Наверное, это всего лишь легенда, но в ней есть доля правды, — закончил Юрген. — Жизнь оставляет на человеке свой отпечаток, и человек преображается. И если мы меняемся не в лучшую сторону, то сами в этом виноваты.
— И что, совсем-совсем невозможно догадаться? — жалобно спросила Юта.
— Не знаю. Спроси лучше у своей тёти.
Но тётя Георгина отказалась поддержать эту тему.
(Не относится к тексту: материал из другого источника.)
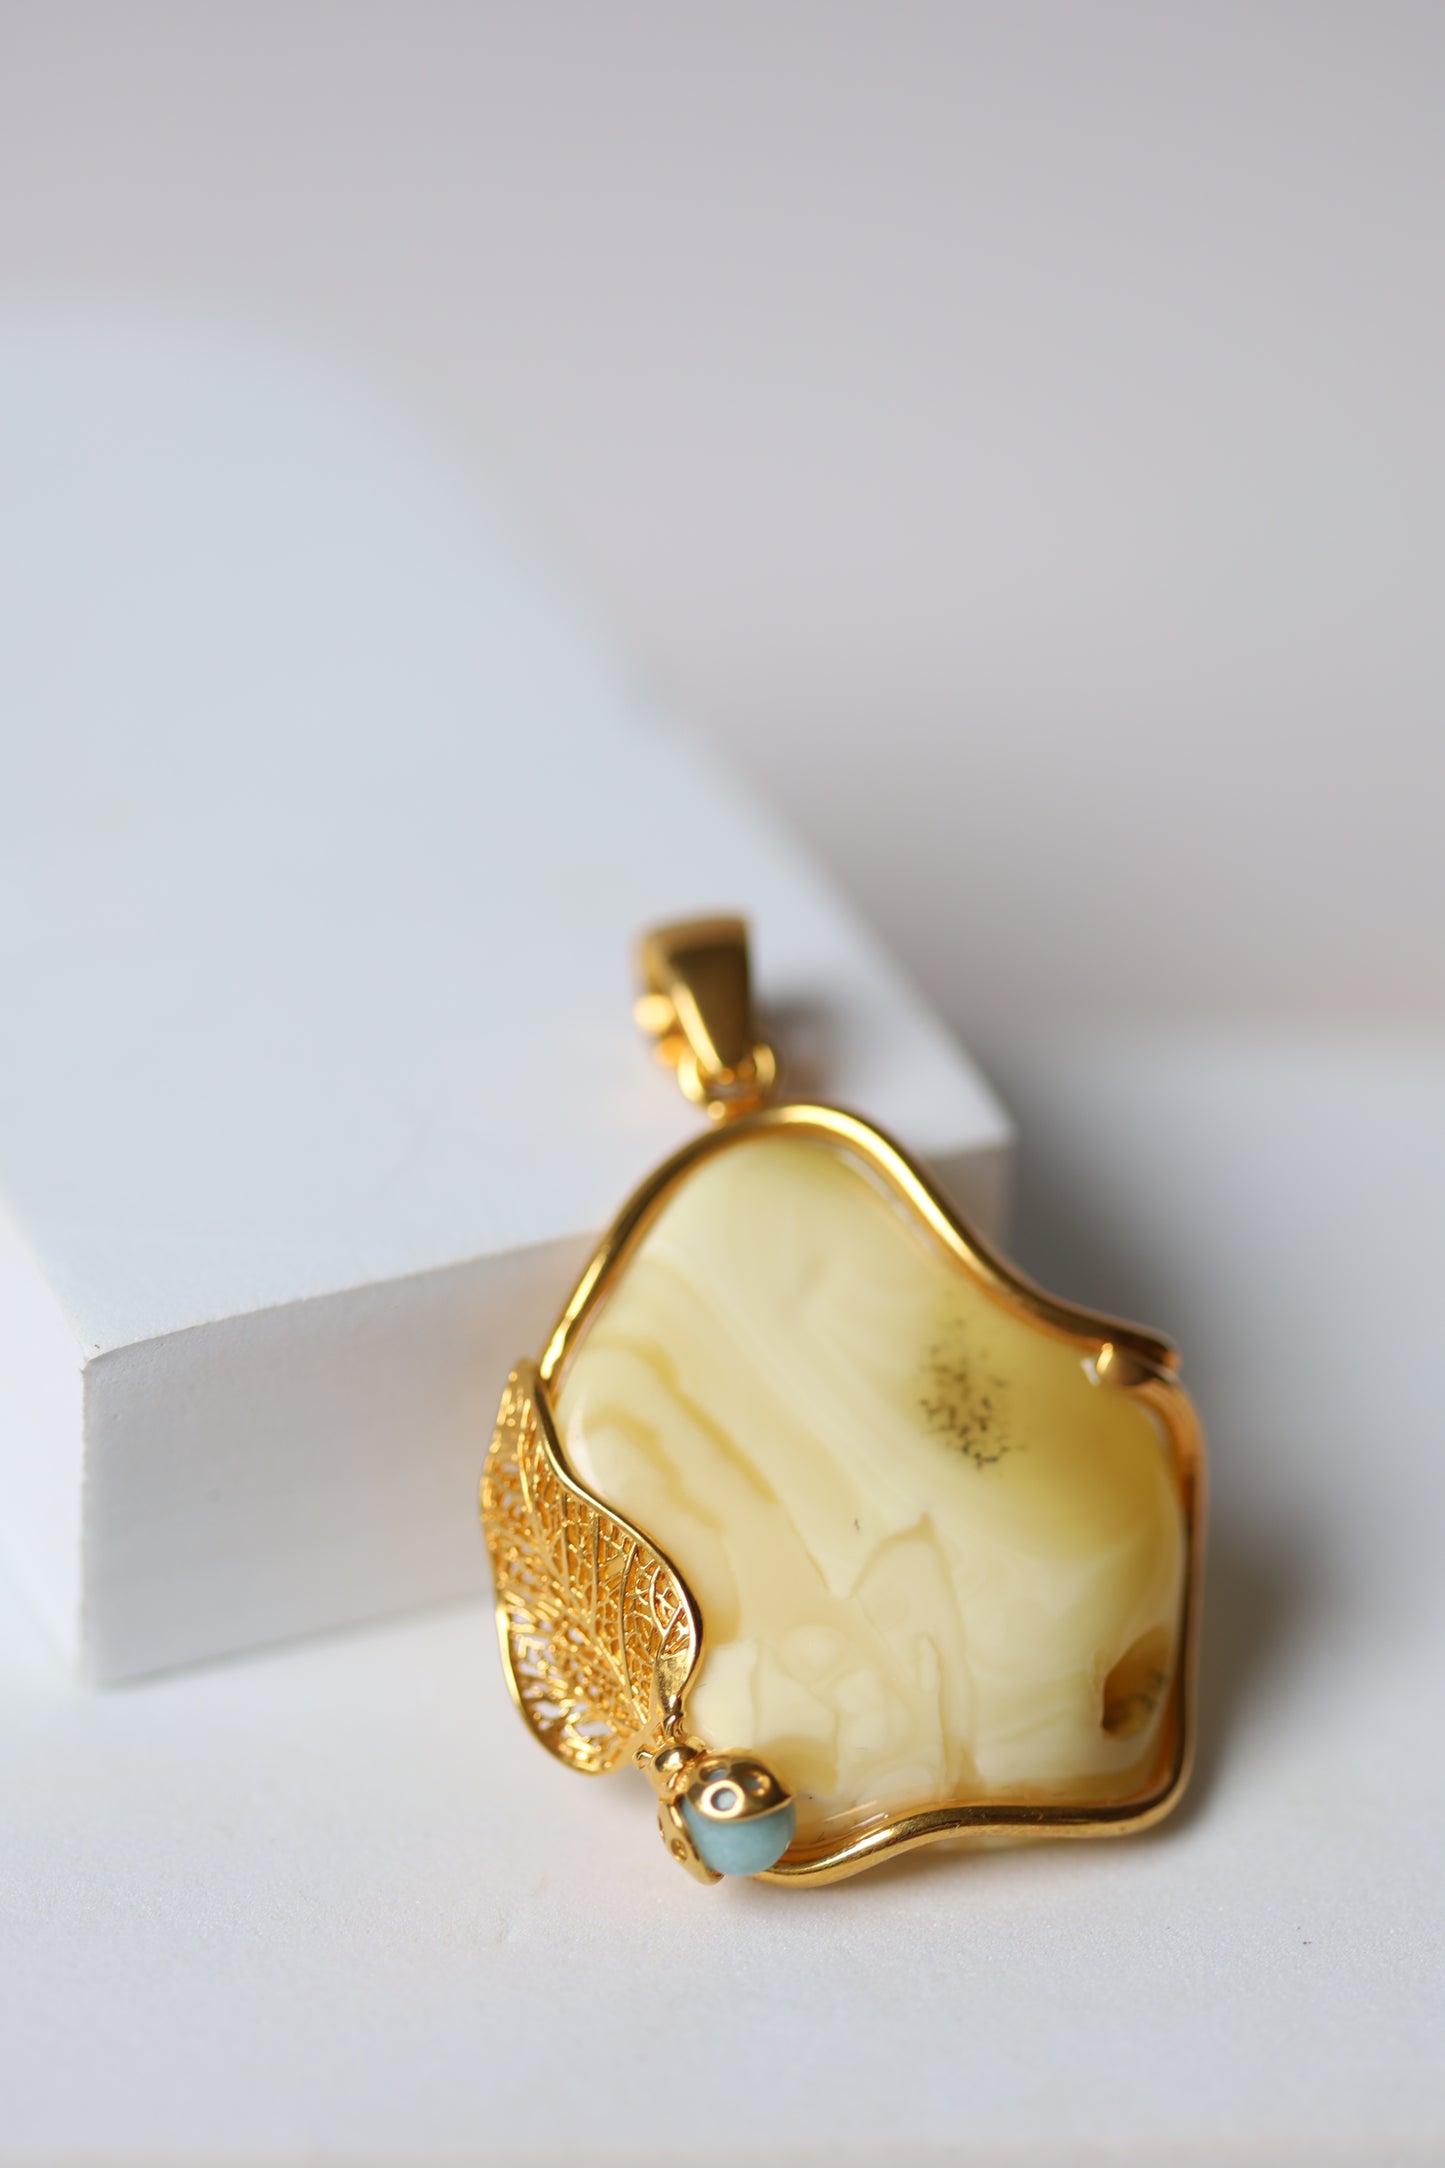 Unique Natural Royal White / Honey Amber Handmade Pendant in Gold Plated Silver with Larimar

Её беспокоил другой вопрос.
— Если мы хотим добраться до ворот города ещё засветло, то пора в путь. Скажите, Юрген, а на входе в город нужны какие-нибудь документы, и надо ли платить пошлину?
— Теперь — не знаю. Раньше не надо было. В любом случае, когда подойдём к заставе, позвольте мне вступить в переговоры.
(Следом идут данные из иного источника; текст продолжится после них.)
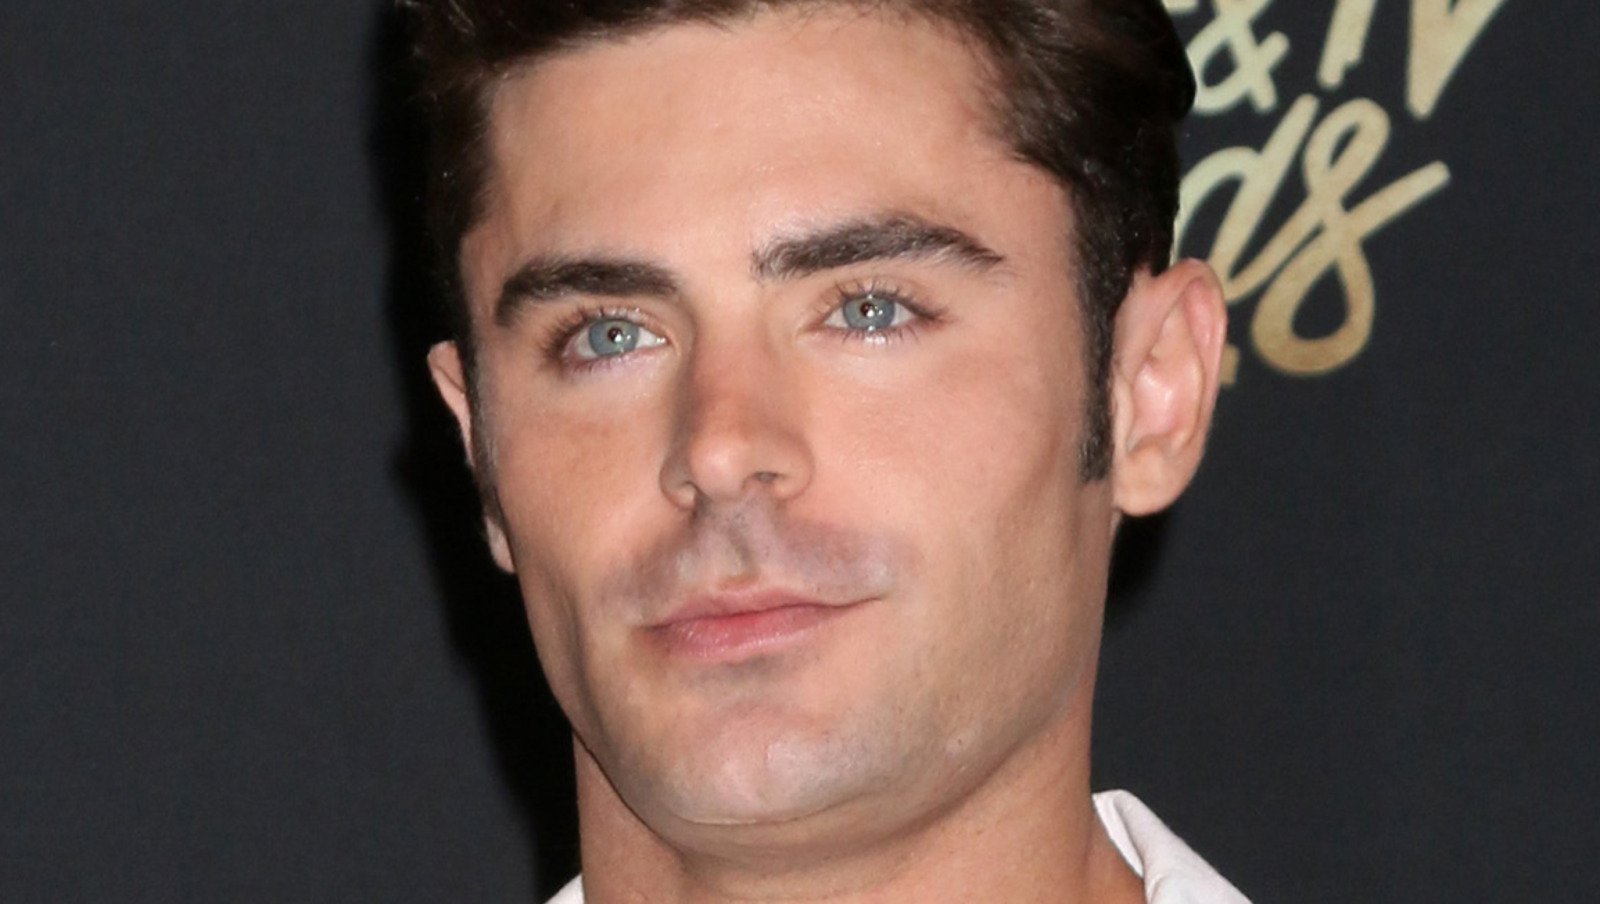 Zac Efron's Friend Opens Up About His Alleged Plastic Surgery

— Хотела сама просить Вас об этой услуге, — сказала Георгина. — Мы не очень-то разбираемся в здешних порядках.
Они спустились с холма. Широкая, прямая и по-прежнему пустынная дорога привела их к воротам города. В нескольких шагах от каменной арки ворот стояла полосатая сторожевая будка, а рядом с ней дорогу преграждал тоже полосатый шлагбаум. Это была застава.
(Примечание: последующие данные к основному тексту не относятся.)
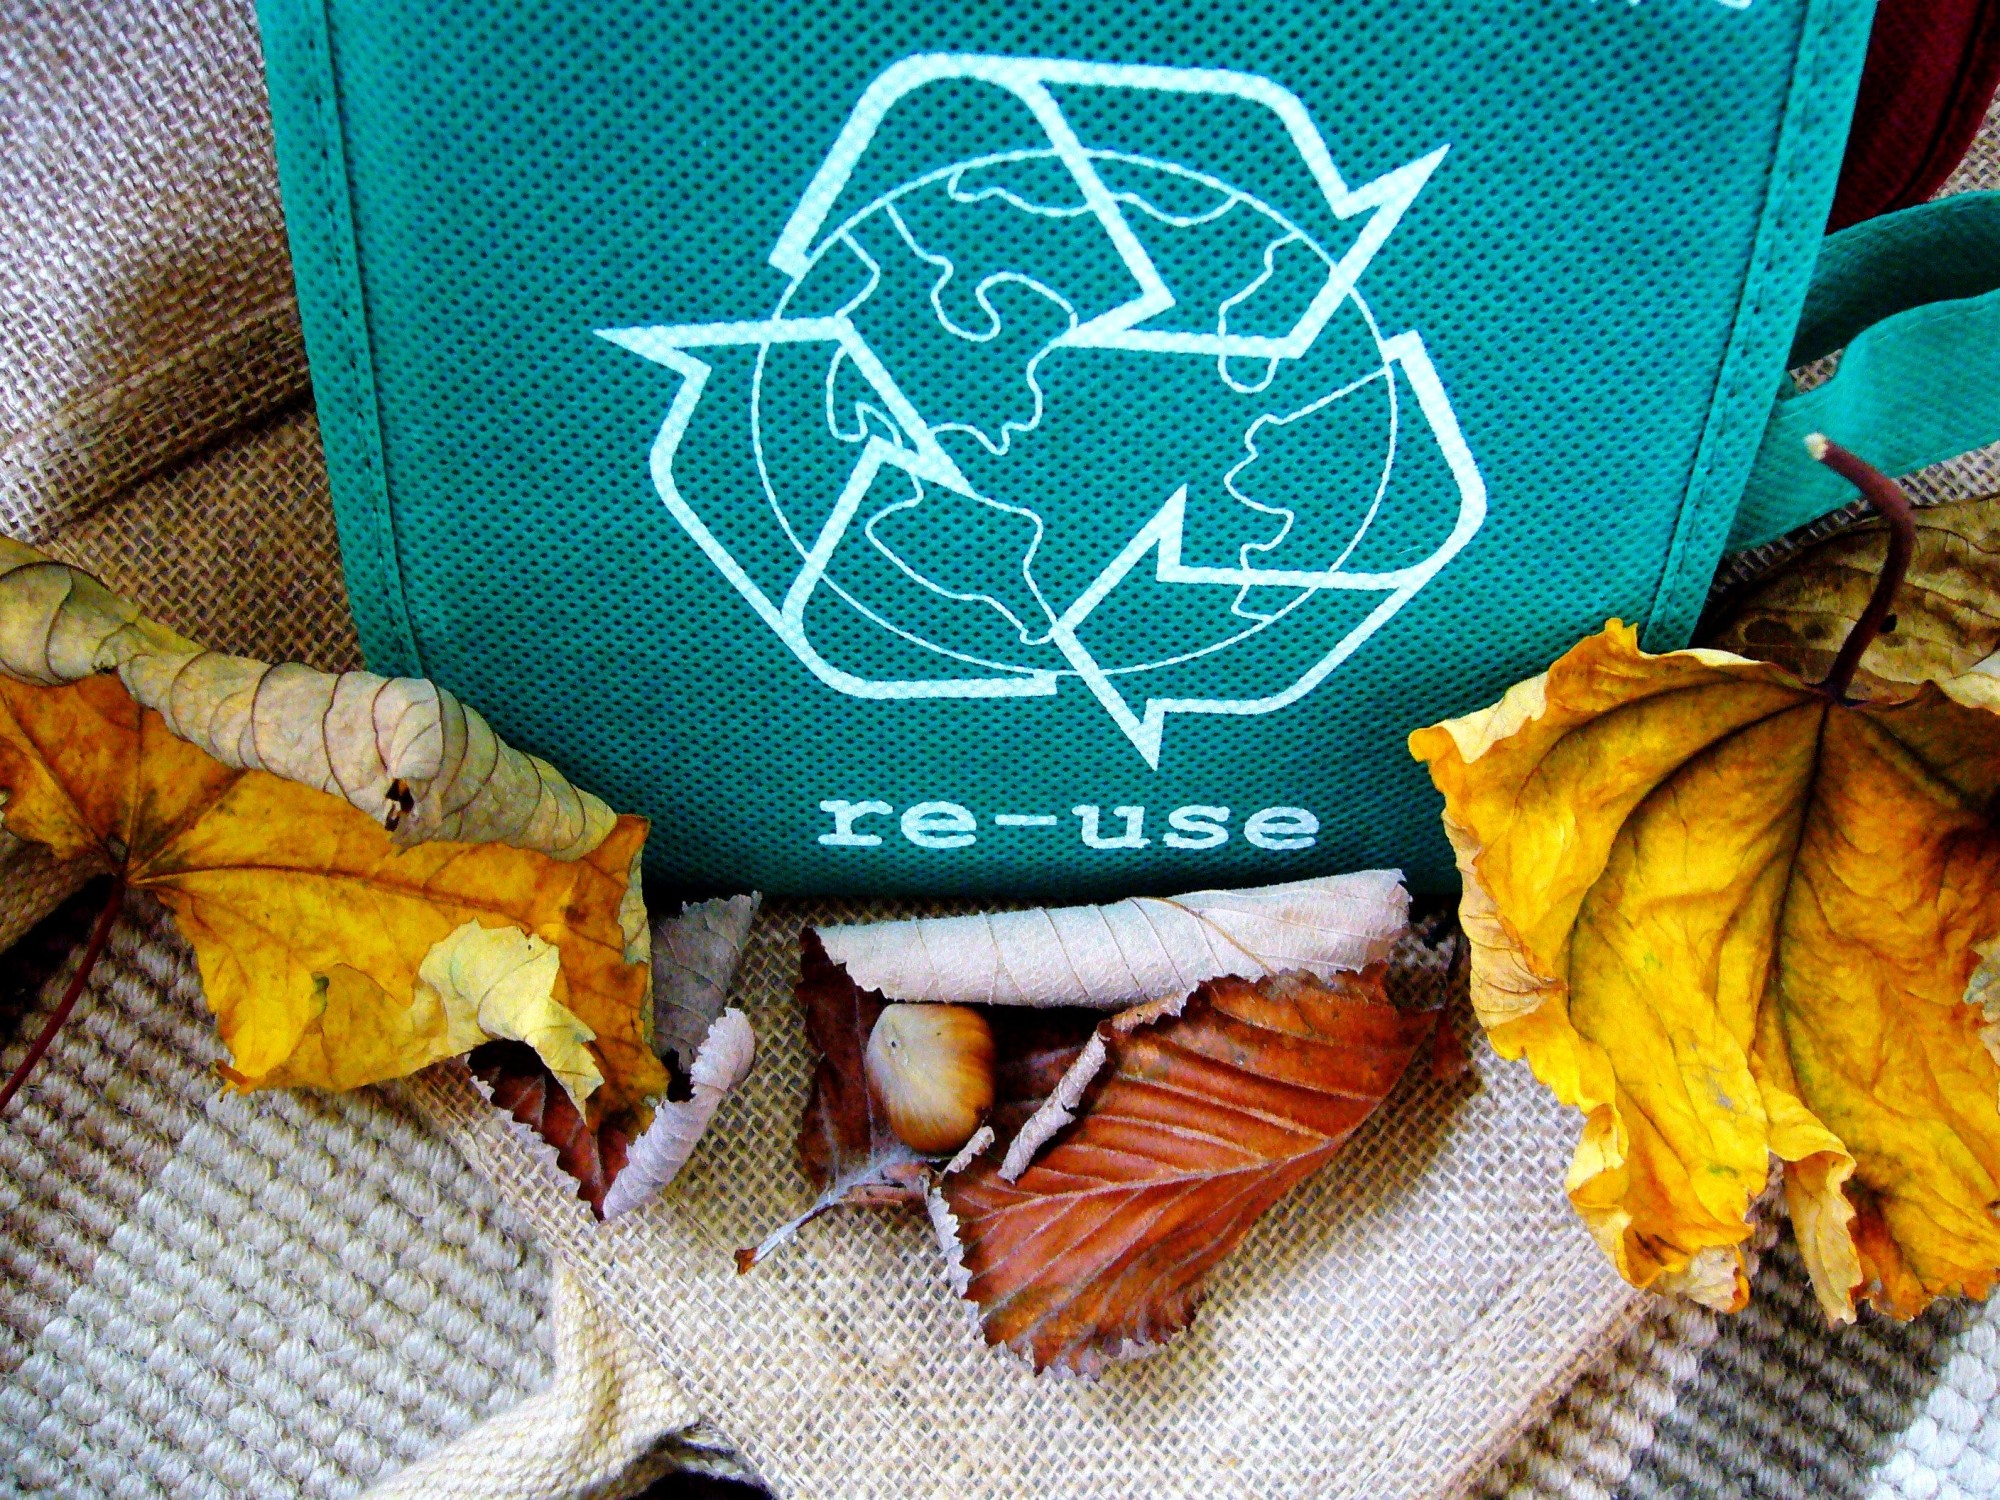 How to Start Recycling: 3 Key Recycling Tips Everyone Should Know

У шлагбаума путников встретила странная дама в Пёстрой шали с кистями и с большим живым попугаем на плече. Попугай протянул хозяйке в клюве какую-то сложенную бумагу.
— Господа путешествующие, — строго сказала дама с попугаем, — при входе в наш славный город полагается платить пошлину. Со взрослых пять золотых монет, с ребенка — хватит и трех.
— Всё дорожает! — вздохнул Юрген. — Раньше здесь была самая дешевая застава, всего медный грош. А детям — бесплатно.
— Что было, то было. Теперь время другое.
— Ладно уж…
Юрген собирался достать из котомки деньги, но дама остановила его.
— Постойте. Сперва вы все должны подписать бумагу, что не везёте в наш город чёрную кошку, пустые ведра или павлиньи перья.
— Что за ерунда! — возмутилась тётя Георгина. — Это эе чистое суеверие!
Это приказ великой Мары, — возразила дама, разворачивая бумагу. — Видите, подпись и печать.
— Кто эта такая Мара,[4] мы о ней прежде не слышали, — сказал Юрген.
— А давно ли Вы были в городе?
— Лет пятнадцать назад.
Попугай на плече незнакомки хрипло захохотал, а сама она стала рассказывать.
— Когда король Любомир женился, у них с супругой долго не было детей. Однажды в королевство явилось посольство от Великой Мары, заморской чародейки и провидицы. Она сказала, что может умилостивить духов, и тогда у королевы будет ребенок.
Ей, разумеется, отказали. В королевстве, известном своей Живой Водой и верой в настоящие чудеса, не к лицу прибегать к помощи чародеев.
Прошло немного времени, и по городу распространилась весть, что у короля и королевы вскоре будет ребёнок. Все очень радовались. Но Великая Мара снова пришла с посольством и сказала, что если её не примут во дворце, то случится большое несчастье.
Её снова прогнали.
Но когда королева умерла при родах, а наследник чудом остался в живых, в ворота города снова постучала Великая Мара и сказала, что если король не хочет потерять и единственного сына, пусть примет её.
И на этот раз её посольство было принято. Она теперь живёт во дворце и охраняет здоровье наследника. Король во всём её слушается, и Мара издаёт указ за указом. Она всюду расставила своих слуг, велела обнести высокой неприступной стеной Сад Золотых яблок и запретила народу попусту прикасаться к Живой Воде. Теперь к источнику могут пройти только избранные, из числа приближённых Великой Мары. Весь город в страхе перед её могуществом, никто не может ей возразить. Теперь здесь не держат чёрных кошек и белых лошадей: они приносят несчастье. И всё королевство плюёт через левое плечо и встаёт только с правой ноги.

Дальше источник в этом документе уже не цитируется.